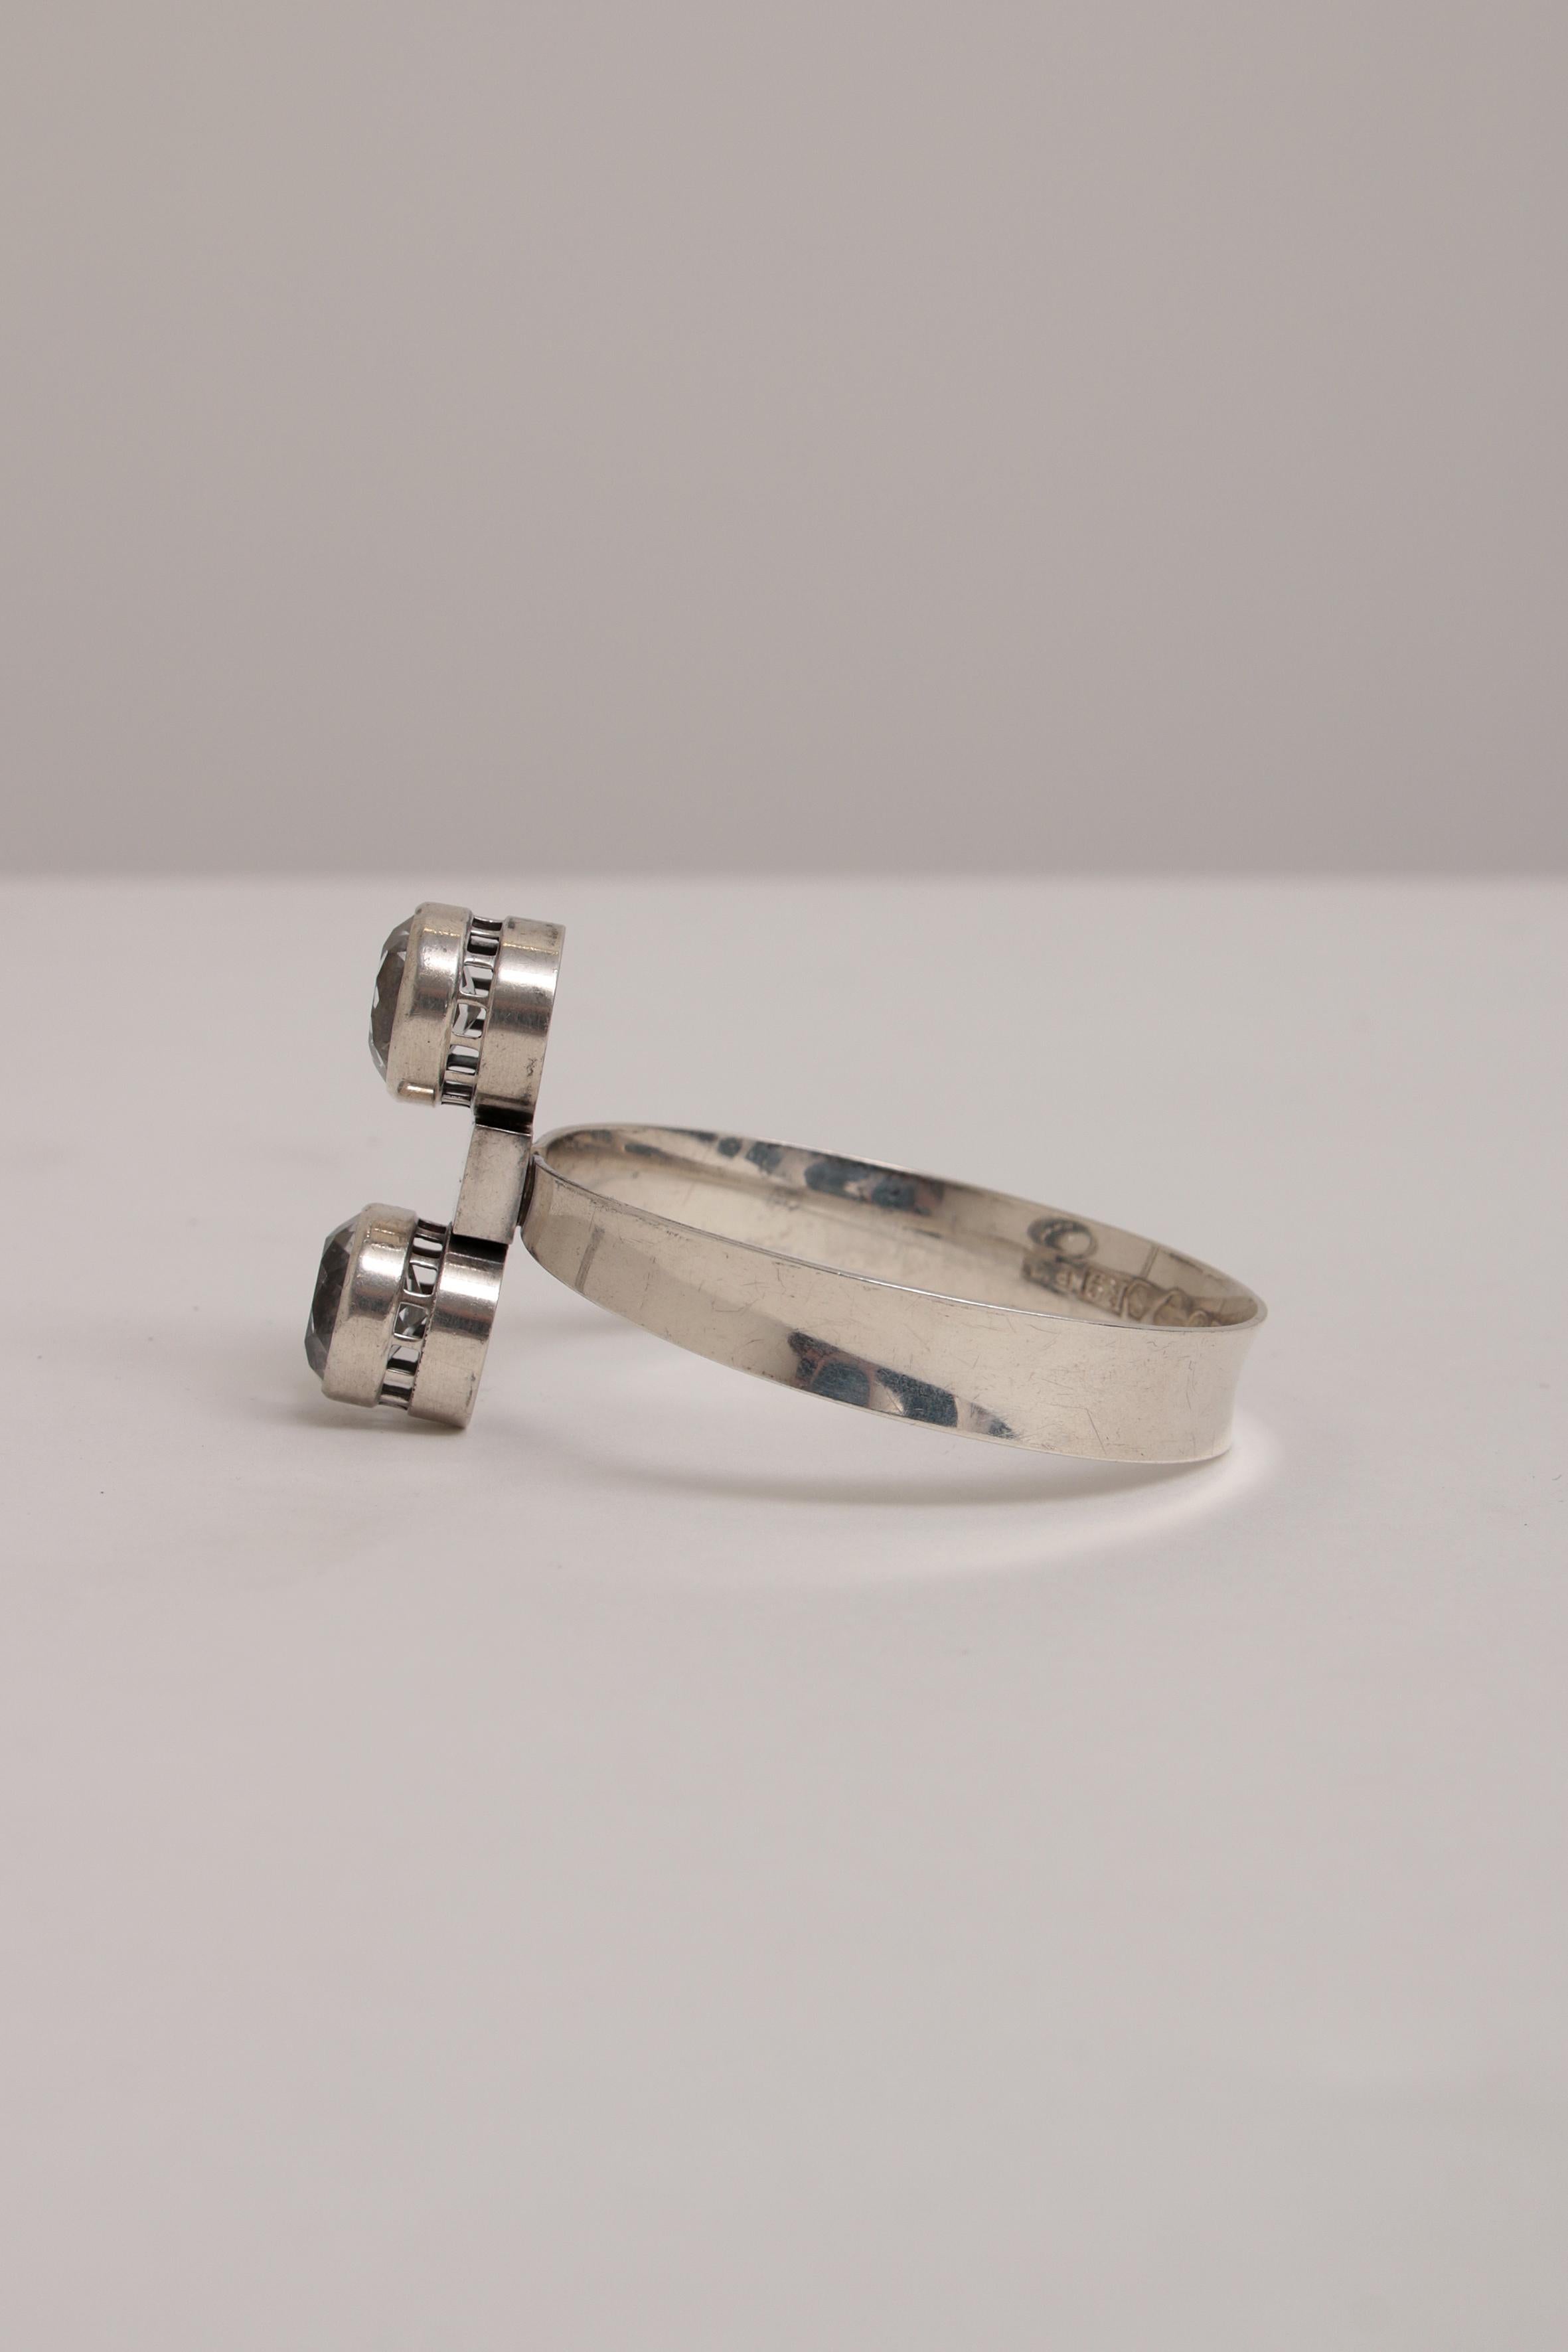 Schönes Silberarmband mit geschliffenem Bergkristall, hergestellt von Alton, Falköping Schweden 1967 Jahresbuchstabe ist R9.

Schönes Silberarmband.
Der Bergkristall ist gut in einem massiven Silberrand eingefasst.
Der silberne Rahmen mit der
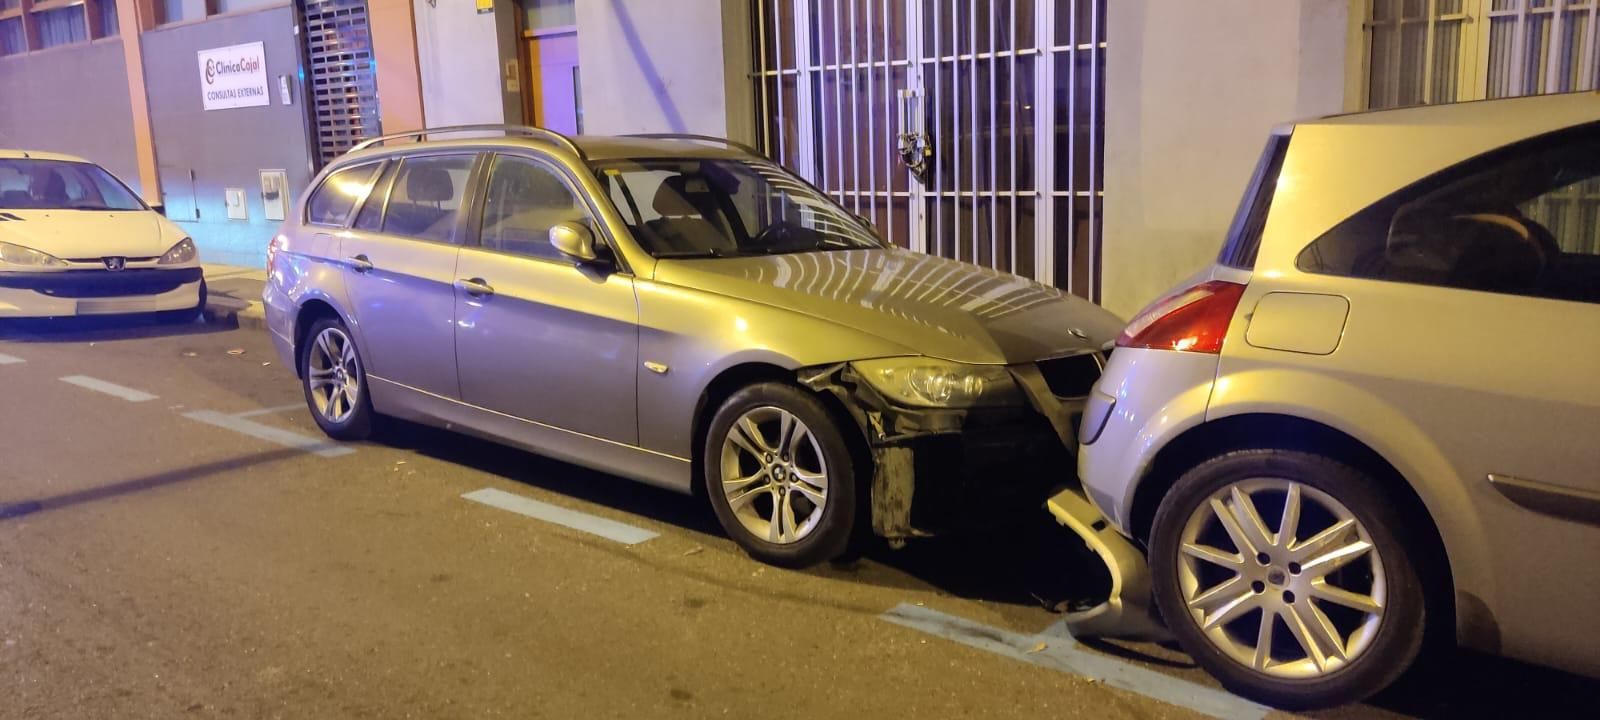 Una pareja para un coche que colisionó contra varios vehículos en Arenales

TASK ITEM: The whole listing must be transcribed exactly. No pictures belong in the copy.

EXPECTED OUTPUT:
 Schönes Silberarmband mit geschliffenem Bergkristall, hergestellt von Alton, Falköping Schweden 1967 Jahresbuchstabe ist R9.

Schönes Silberarmband.
Der Bergkristall ist gut in einem massiven Silberrand eingefasst.
Der silberne Rahmen mit der
 Una pareja para un coche que colisionó contra varios vehículos en Arenales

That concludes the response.